A continuous stream ink jet printing system comprising: a print head (101) comprising a droplet generator (107) for generating a plurality of streams of ink droplets (109), a charge electrode (111) in respect of each said stream (109) for selectively charging the droplets of that stream (109) to determine which droplets are printed, a deflection electrode (113) in respect of each said stream (109) for deflecting charged droplets of that stream (109), and a gutter (115) for collecting ink droplets not used in printing; and control means (103, 105, 119) for providing yes print/no print instructions for controlling said selective charging of the droplets by the charge electrodes (111), in said system a nominal matrix of droplet print positions being defined corresponding to the positions at which droplets can be deposited on a substrate (121) moving at a predetermined speed relative to the print head (101) of said system, characterised in that said control means (103, 105, 119) is arranged to create a set of droplet print positions ideal for representing an image to be printed, which set is permitted to include print positions offset from print positions of said nominal matrix, at speeds of operation less than said predetermined speed said control means (103, 105, 119) comparing the positions at which droplets can be deposited at the lower speed with said set of ideal positions, said control means (103, 105, 119) deciding which droplets to print in dependence on the comparison.

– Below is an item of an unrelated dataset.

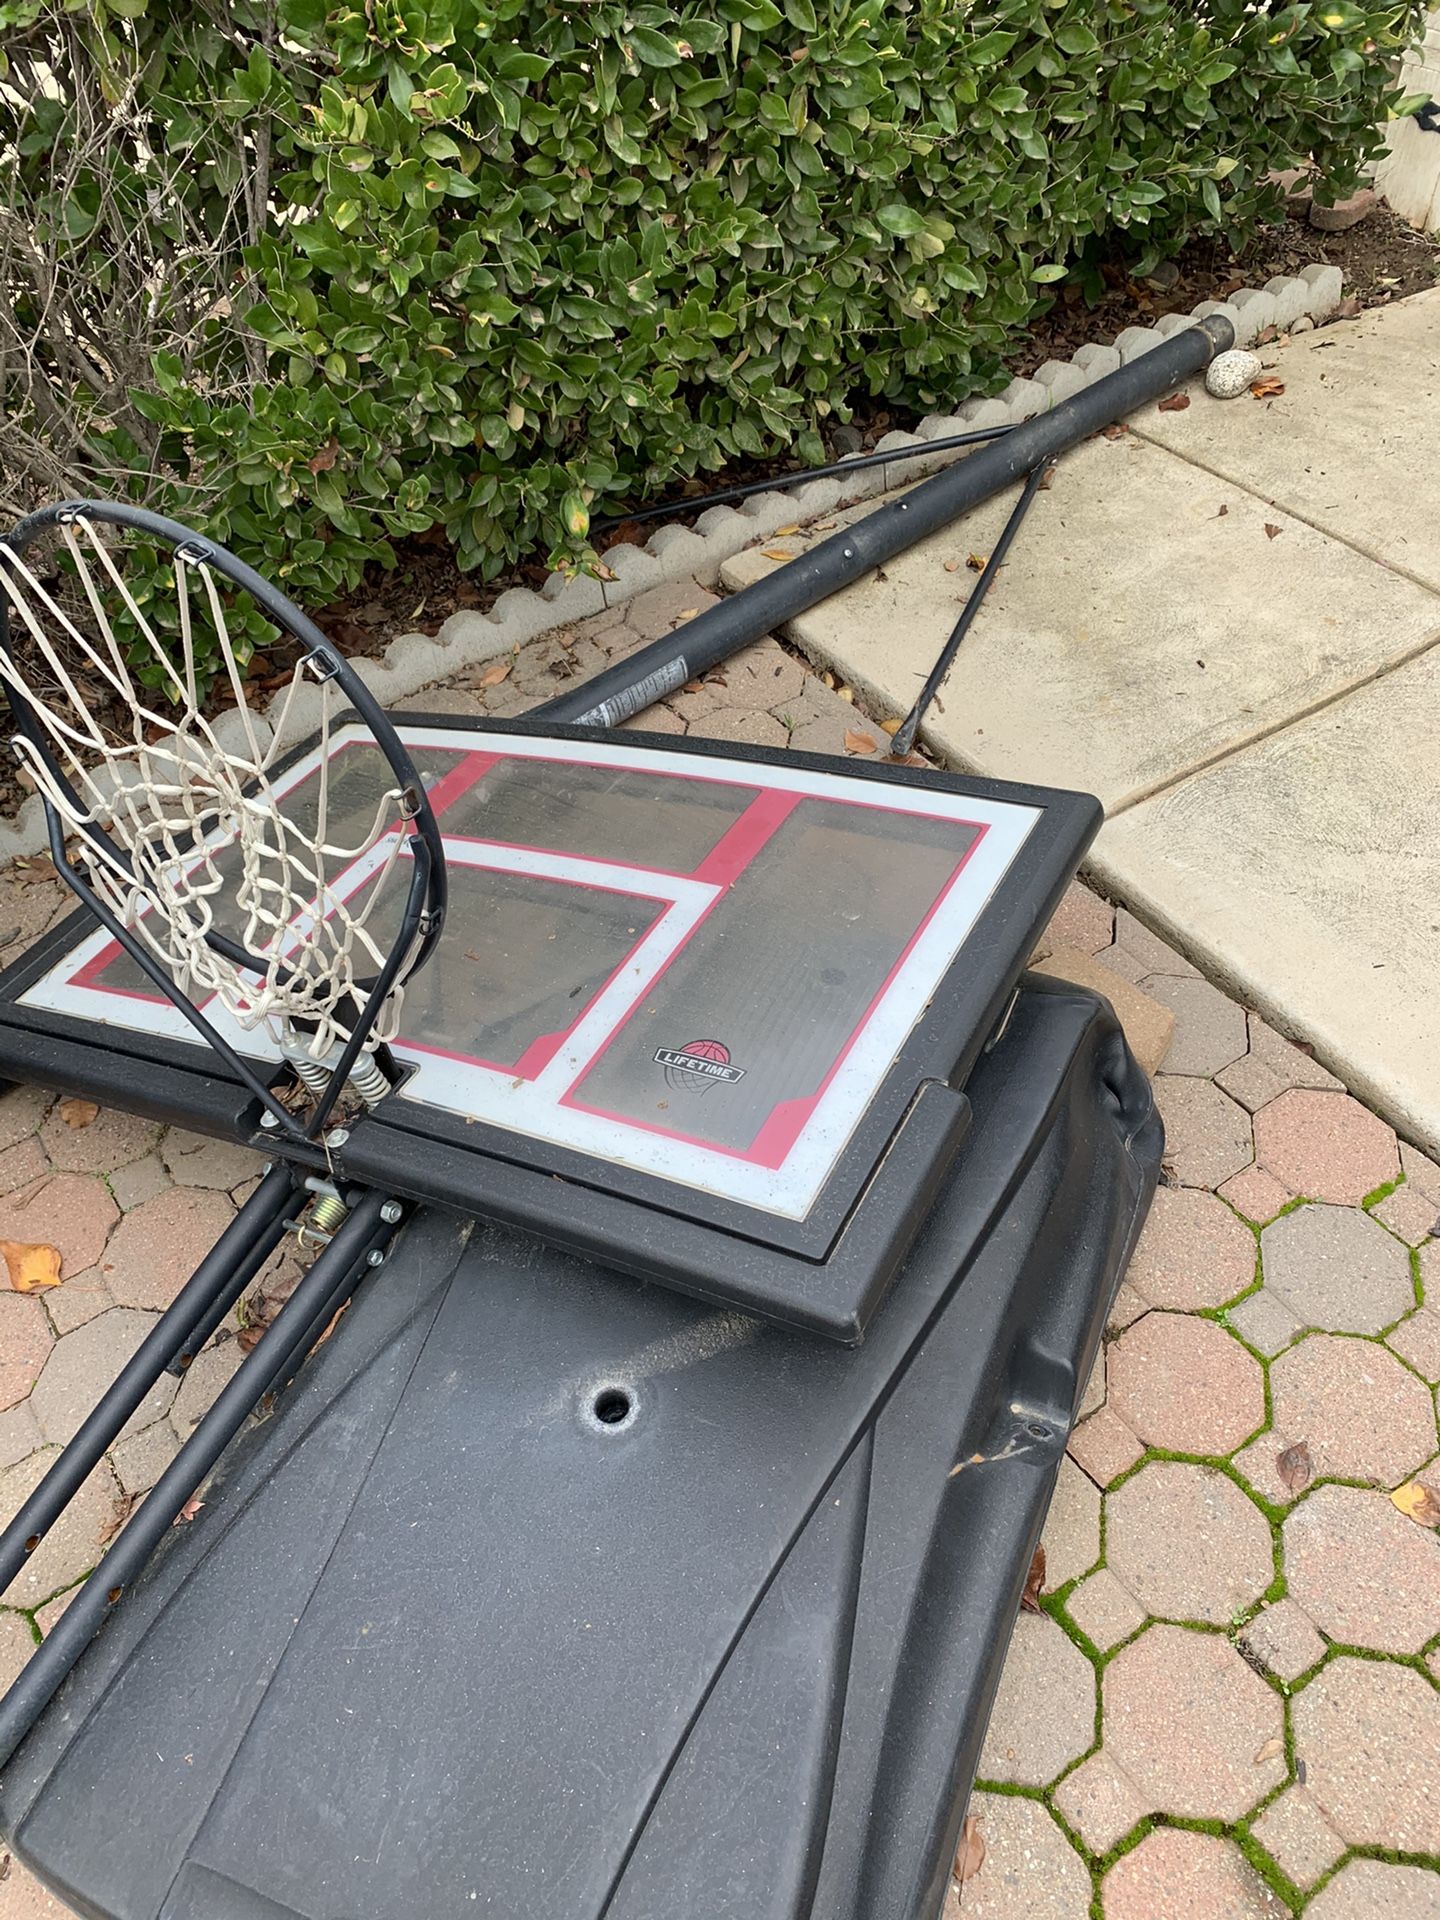 Basketball Hoop for sale. All parts are accounted for. Yours for $100
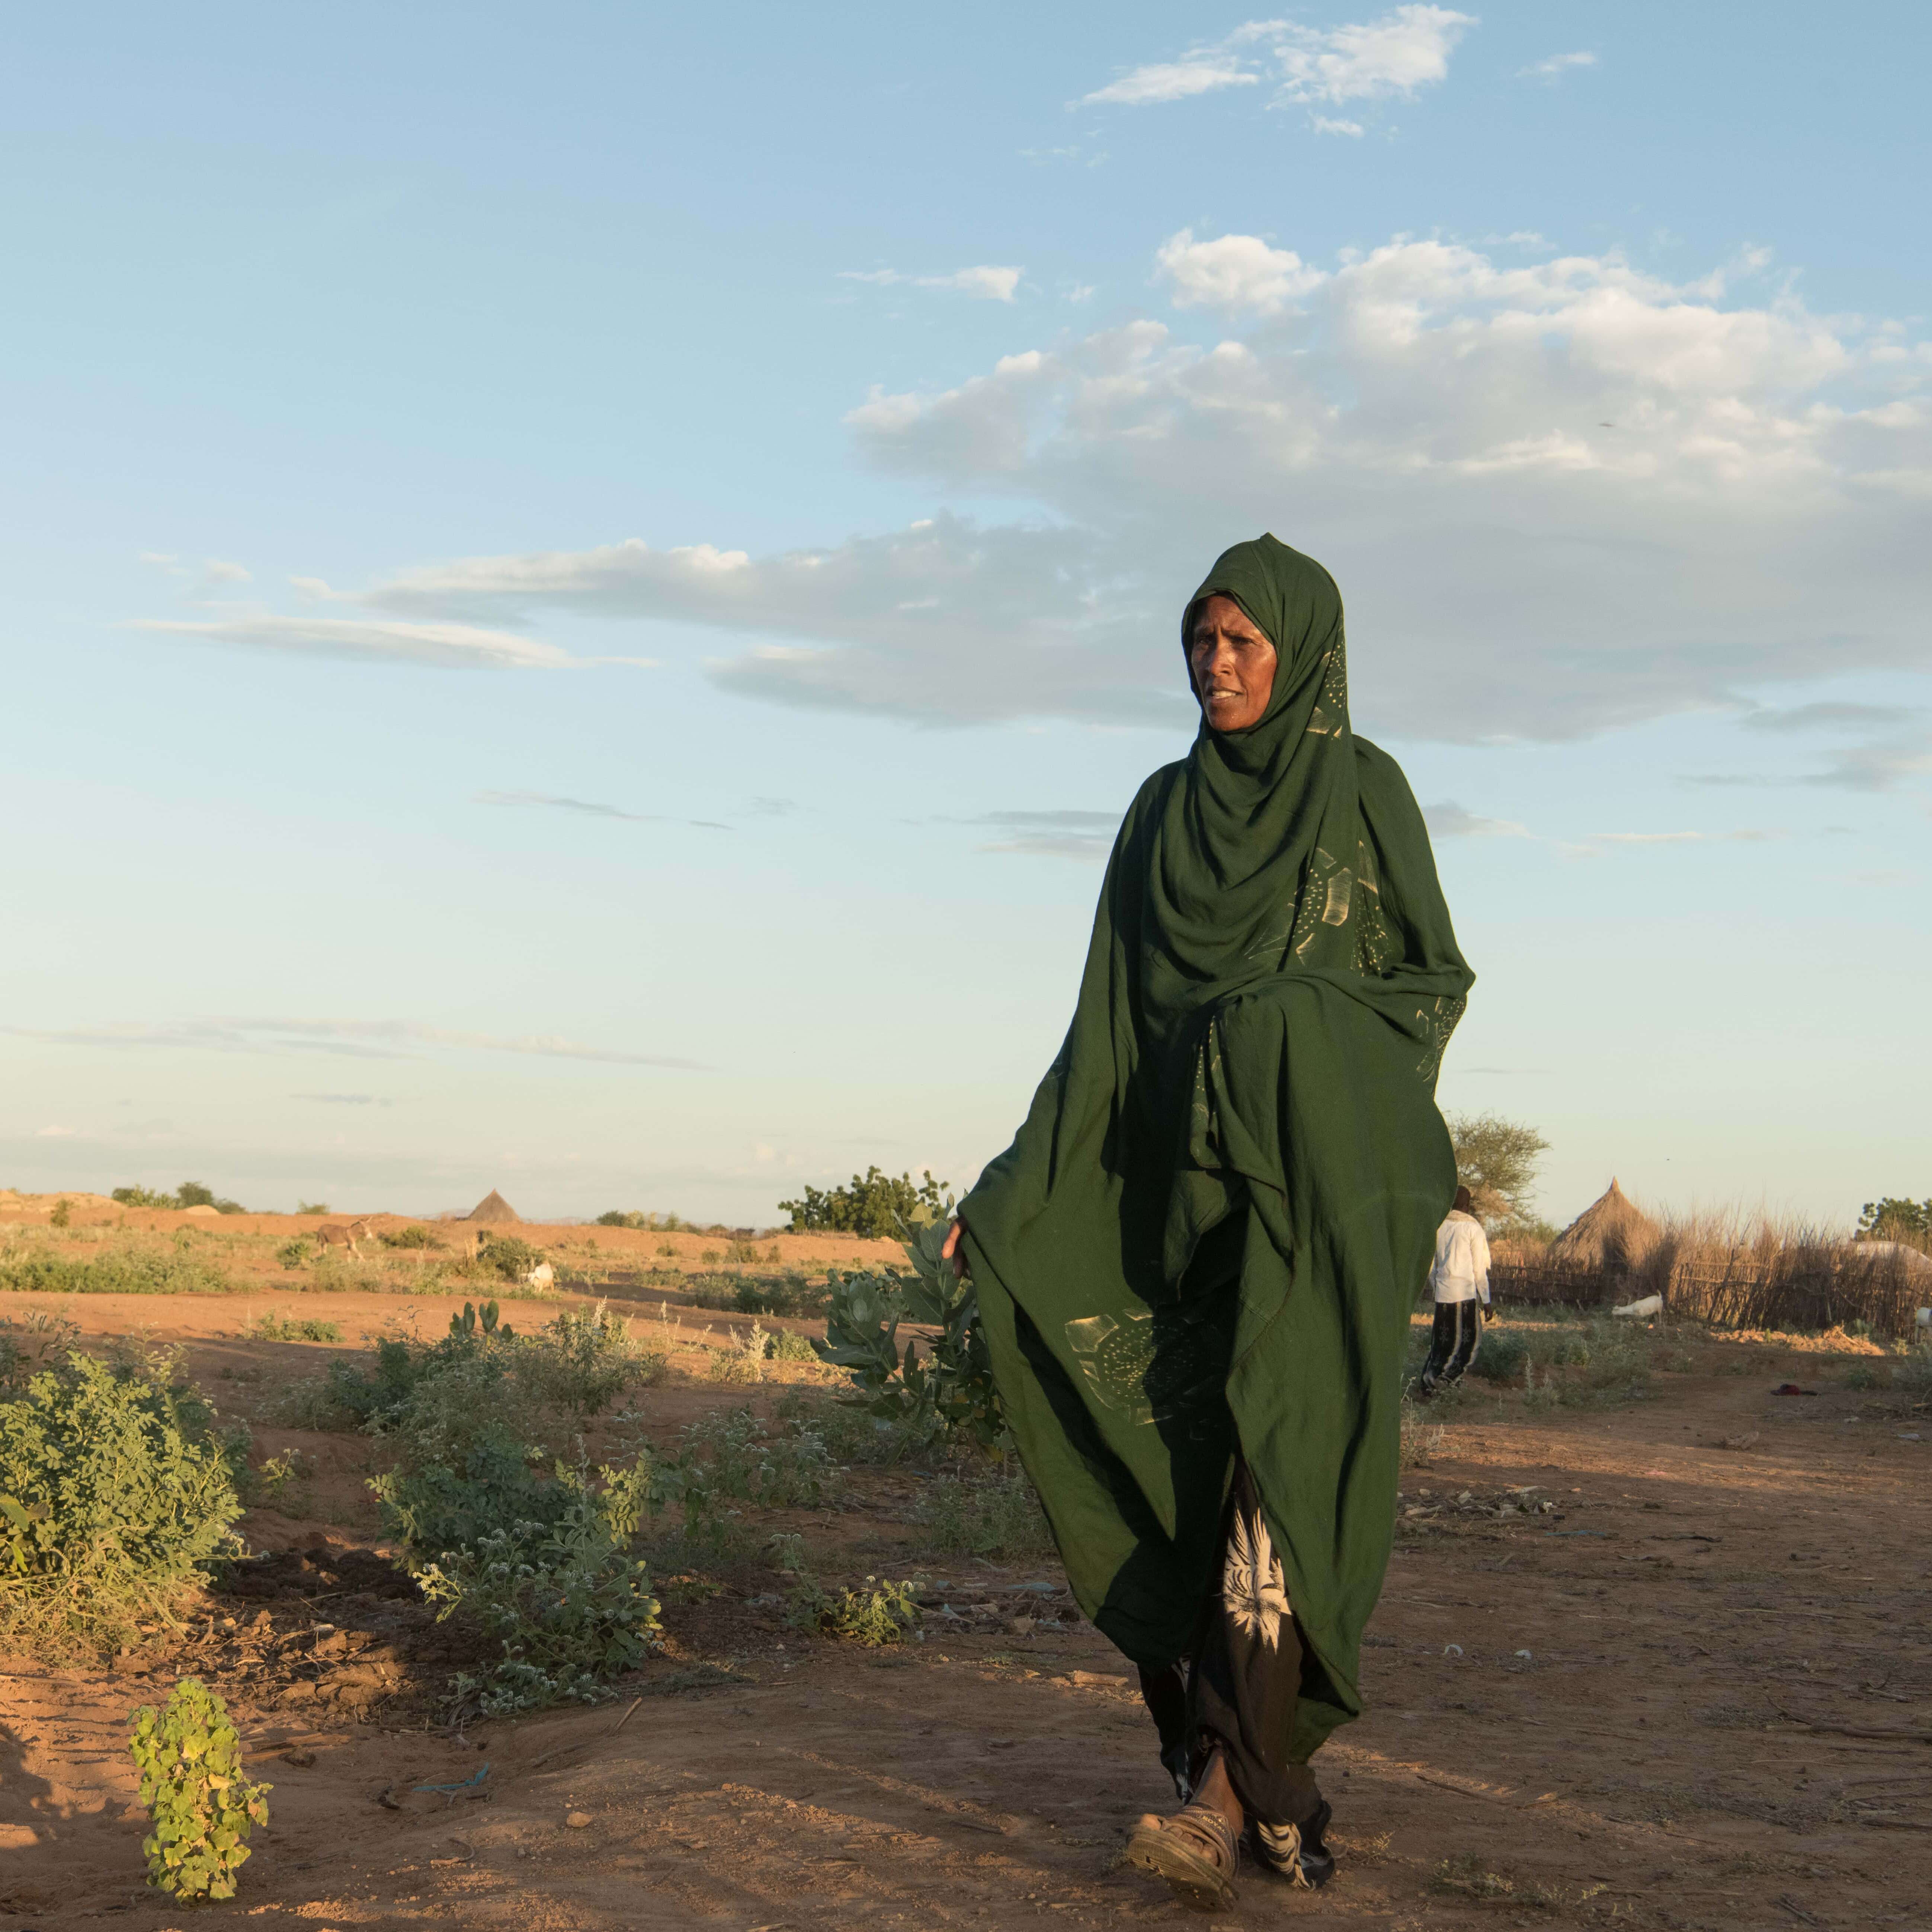 For three years, Nurad struggled to cultivate crops on her farm in Kulan Challe Village due to the severe drought in Ethiopia. When heavy rains finally came, they washed away her farm, her home, and what little crops she had.

An impulse ink jet printing system comprising: a print head (201) comprising a plurality of droplet generators (203) each for generating in response to the receipt of impulse signals respective ink droplets; and control means (205) for generating said impulse signals, in said system a nominal matrix of droplet print positions being defined corresponding to the positions at which droplets can be deposited on a substrate (211) moving at a predetermined speed relative to said print head (201), characterised in that said control means (205) is arranged to create a set of droplet print positions ideal for representing an image to be printed, which set is permitted to include print positions offset from print positions of said nominal matrix, at speeds of operation less than said predetermined speed said control means (205) comparing the positions at which droplets can be deposited at the lower speed with said set of ideal positions, said control means (205) deciding which droplets to print in dependence on the comparison.
A system according to claim 1 or claim 2 wherein said set of ideal print positions is defined by offsets relative to those print positions of said nominal matrix at which droplets are deposited to print said image at said predetermined speed.
A system according to claim 1 or claim 2 or claim 3 wherein said predetermined speed is full speed.